# Data for the task
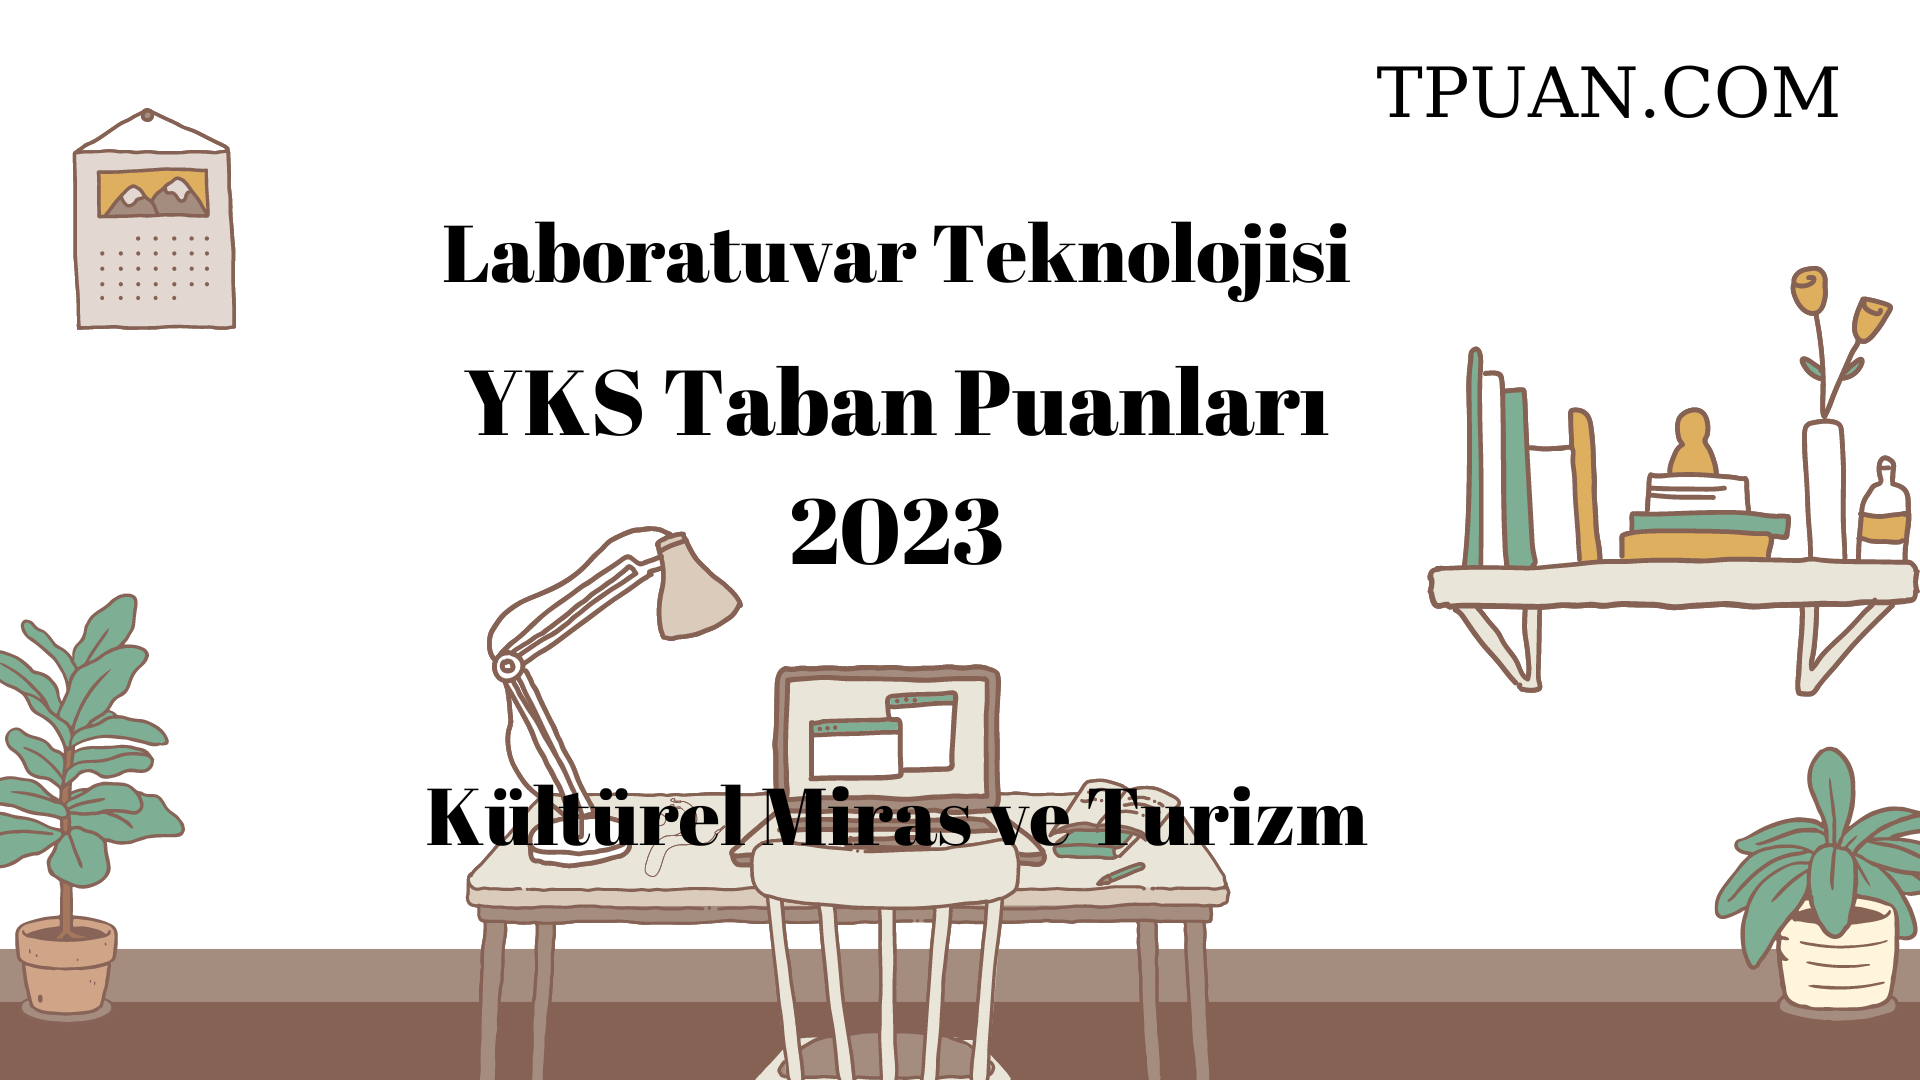  Laboratuvar Teknolojisi YKS Taban Puanları 2023
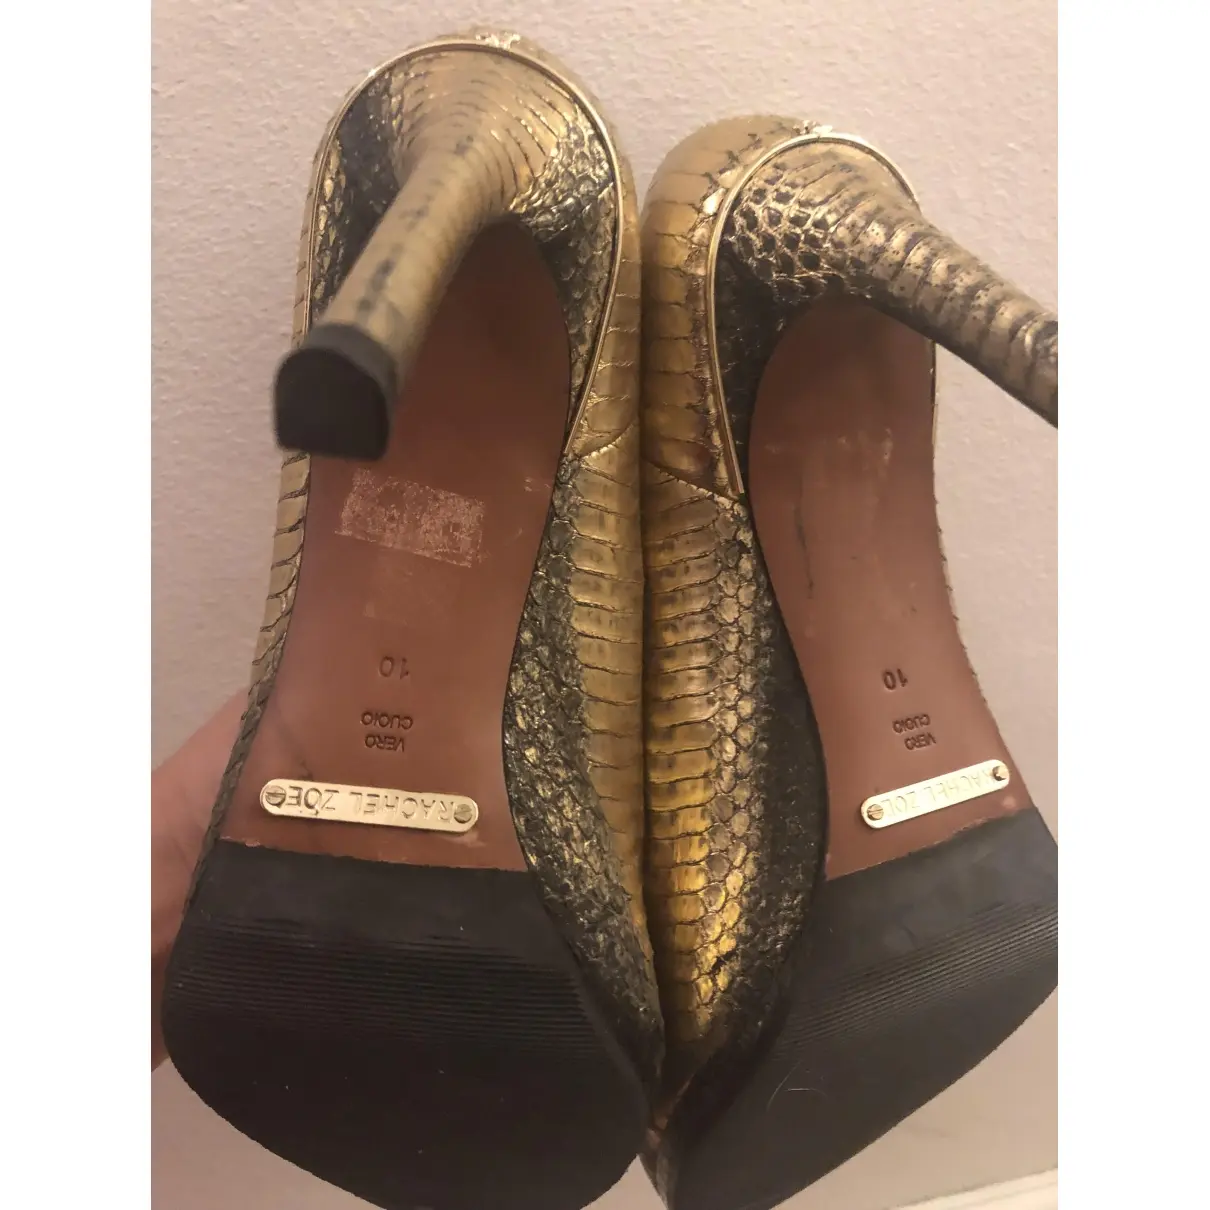 Buy Rachel Zoe Python heels online
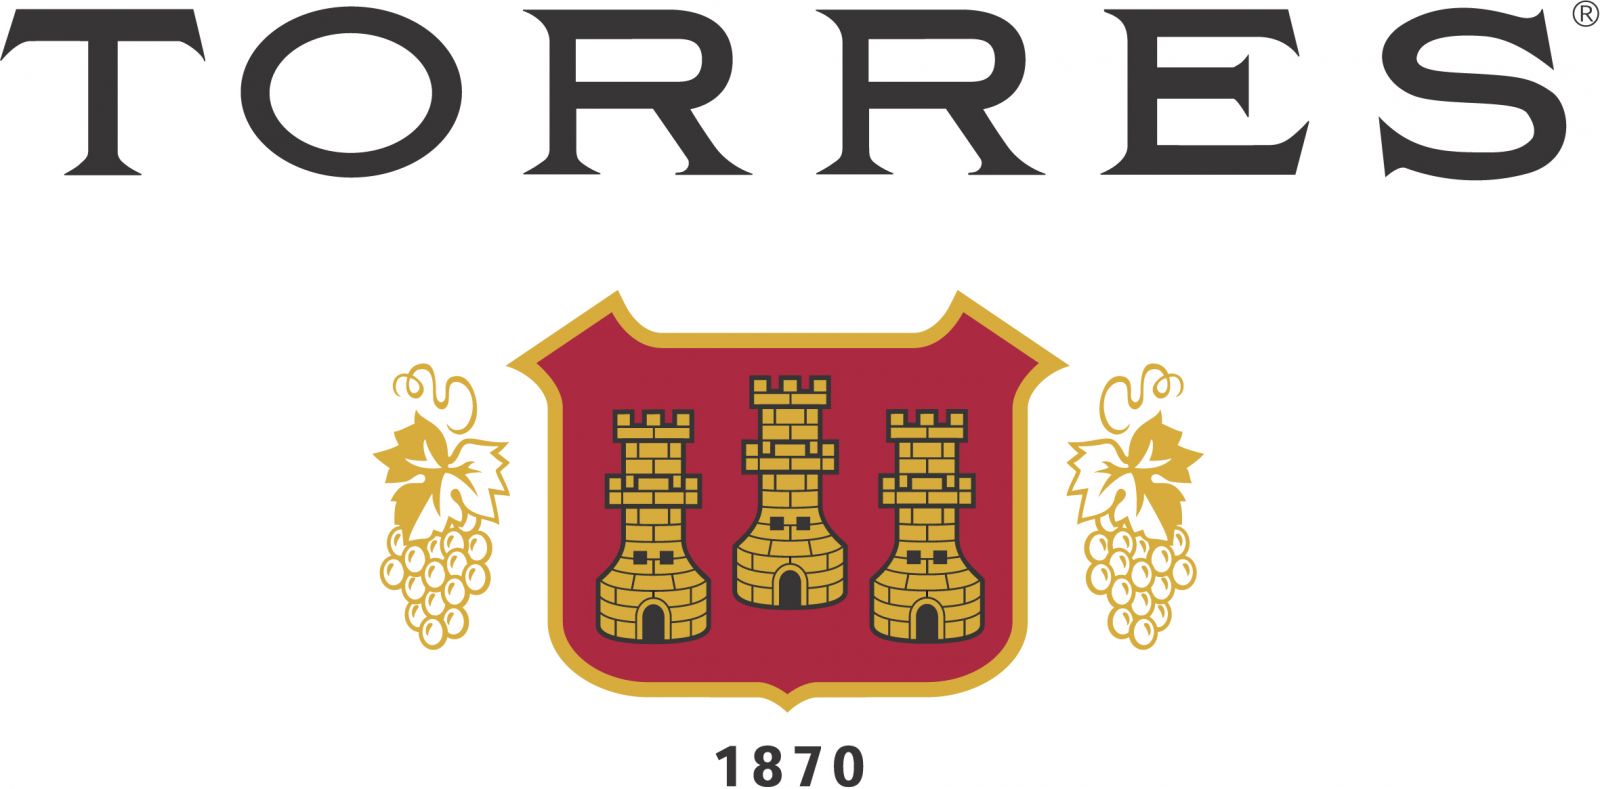 Torres wijn
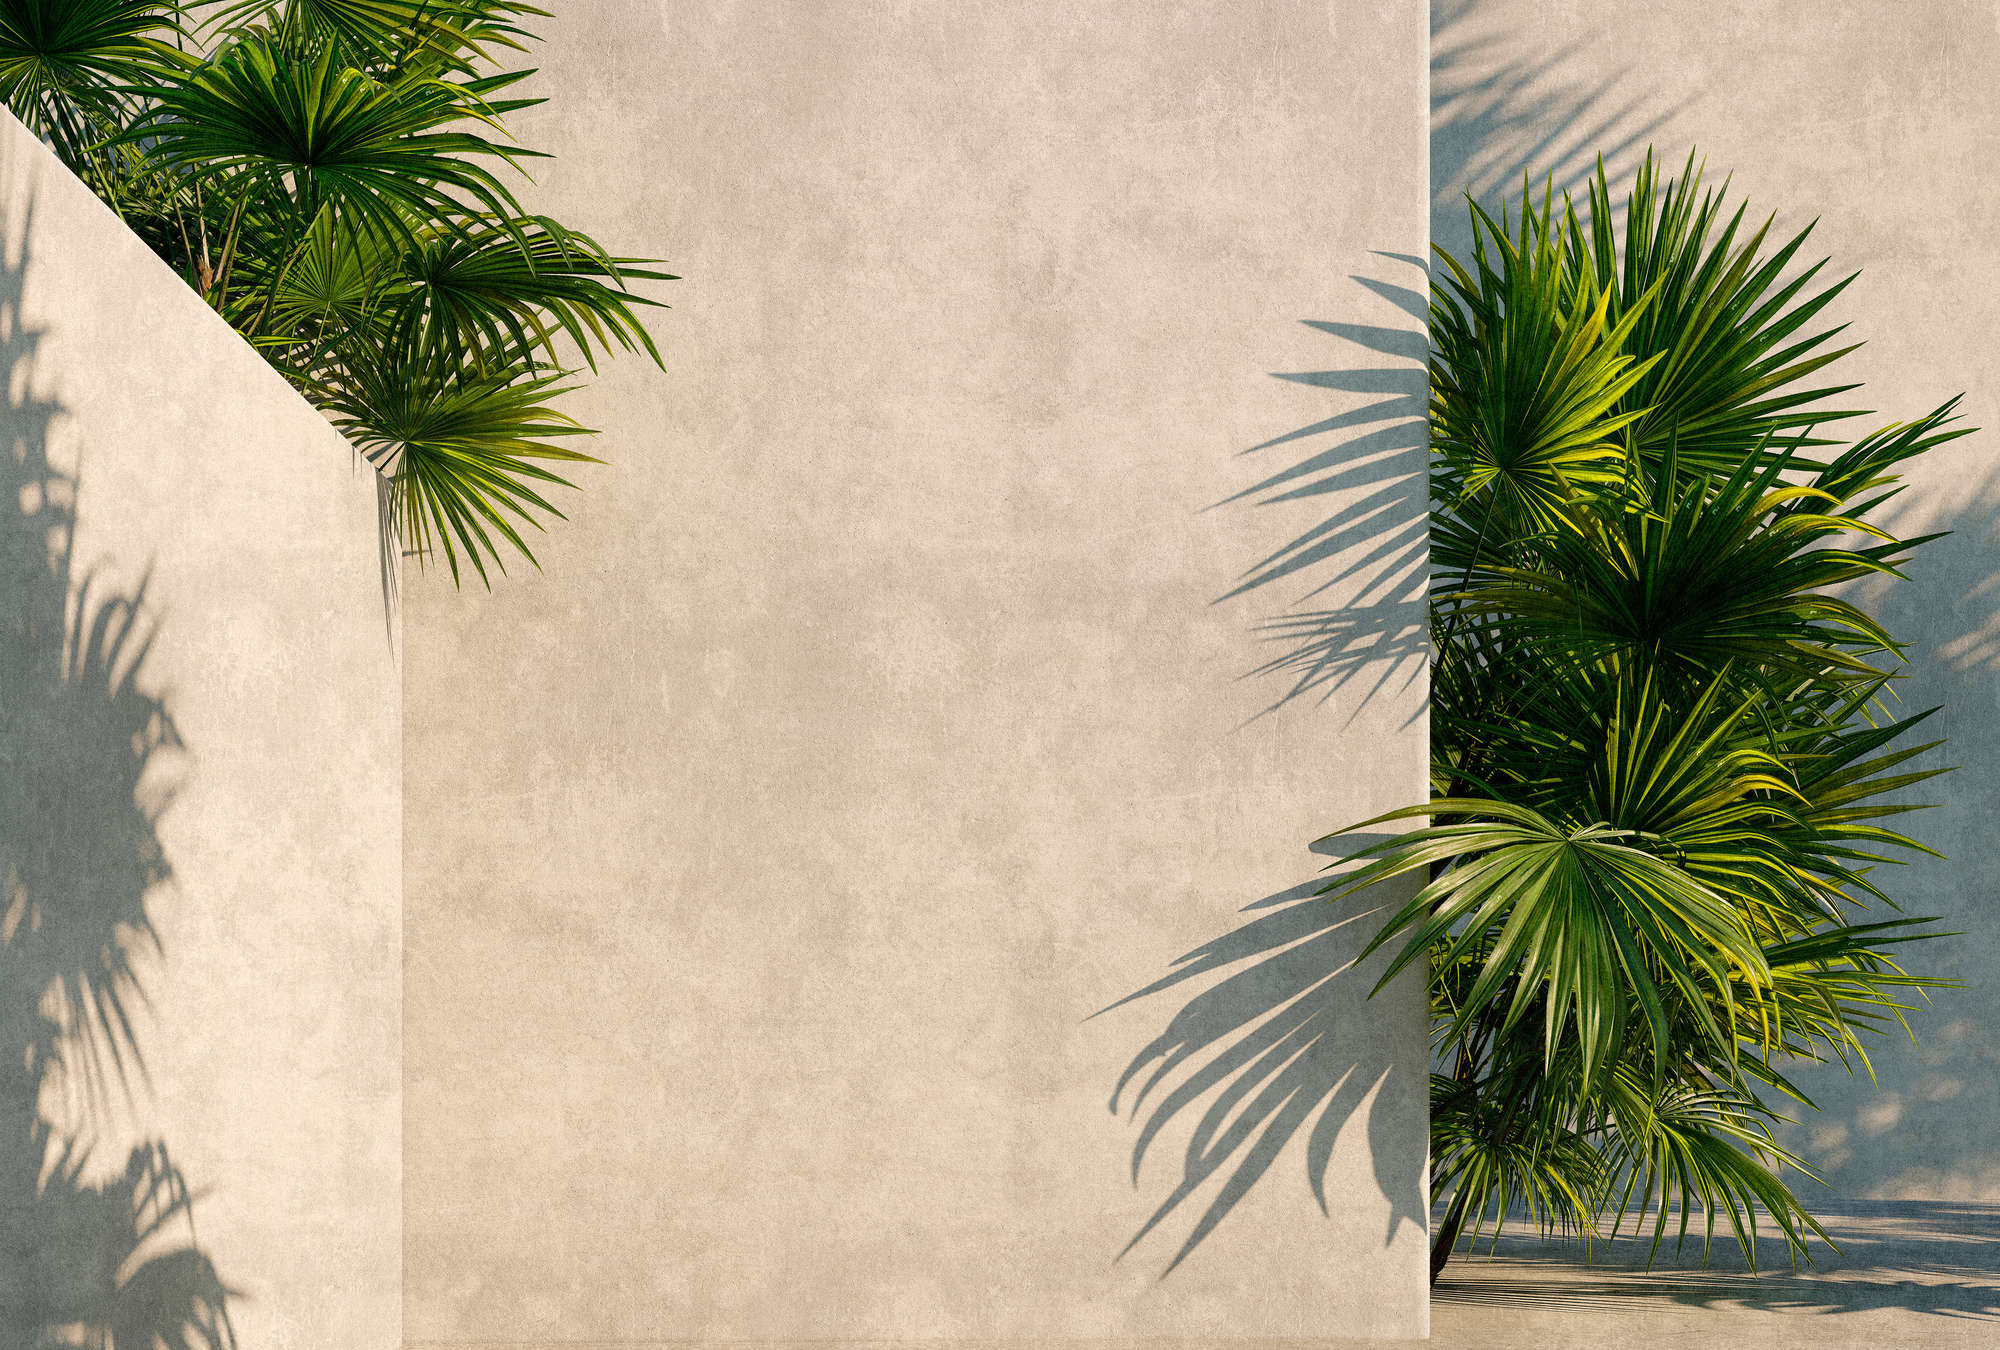             Tunis 1 - Papier peint panoramique Palmiers dans une cour intérieure avec murs en plâtre
        
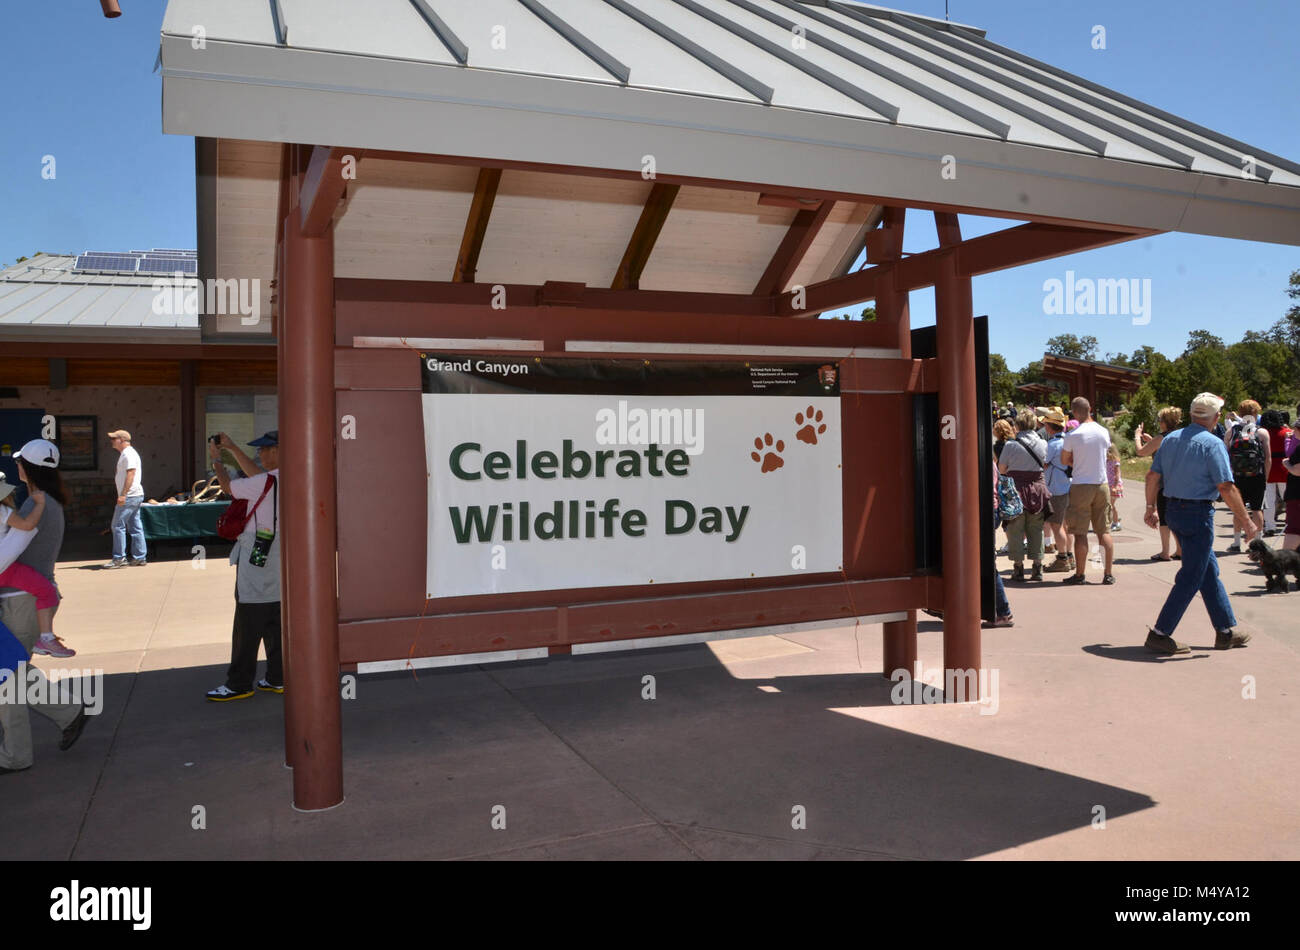 Vielen Dank an alle, die in der Wildnis Tag Feiern teilgenommen - Samstag, 19 Mai, 2012 am Grand Canyon Visitor Center. Besucher, die Erfahrenen familienfreundliche Aktivitäten im Laufe des Tages besucht.. . Rund 2.700 Besucher trat Förster und Mitarbeiter am Grand Canyon Visitor Centre, um mehr über die Tierwelt des Parks und gefährdeten Arten zu lernen. . . Feiern Wildlife Tag bietet Gelegenheit für Park Besucher über die reiche Tierwelt des Grand Canyon und der Wild lebende Tiere spezialisierte Biologen zu erfahren. Es ist möglich, durch die gemeinsamen Anstrengungen der Nat gemacht Stockfoto

# What the task asks
In the copy, keep every line of the data above exactly and drop each picture.

# Solution below
  Laboratuvar Teknolojisi YKS Taban Puanları 2023
 Buy Rachel Zoe Python heels online
 Torres wijn
             Tunis 1 - Papier peint panoramique Palmiers dans une cour intérieure avec murs en plâtre
        
 Vielen Dank an alle, die in der Wildnis Tag Feiern teilgenommen - Samstag, 19 Mai, 2012 am Grand Canyon Visitor Center. Besucher, die Erfahrenen familienfreundliche Aktivitäten im Laufe des Tages besucht.. . Rund 2.700 Besucher trat Förster und Mitarbeiter am Grand Canyon Visitor Centre, um mehr über die Tierwelt des Parks und gefährdeten Arten zu lernen. . . Feiern Wildlife Tag bietet Gelegenheit für Park Besucher über die reiche Tierwelt des Grand Canyon und der Wild lebende Tiere spezialisierte Biologen zu erfahren. Es ist möglich, durch die gemeinsamen Anstrengungen der Nat gemacht Stockfoto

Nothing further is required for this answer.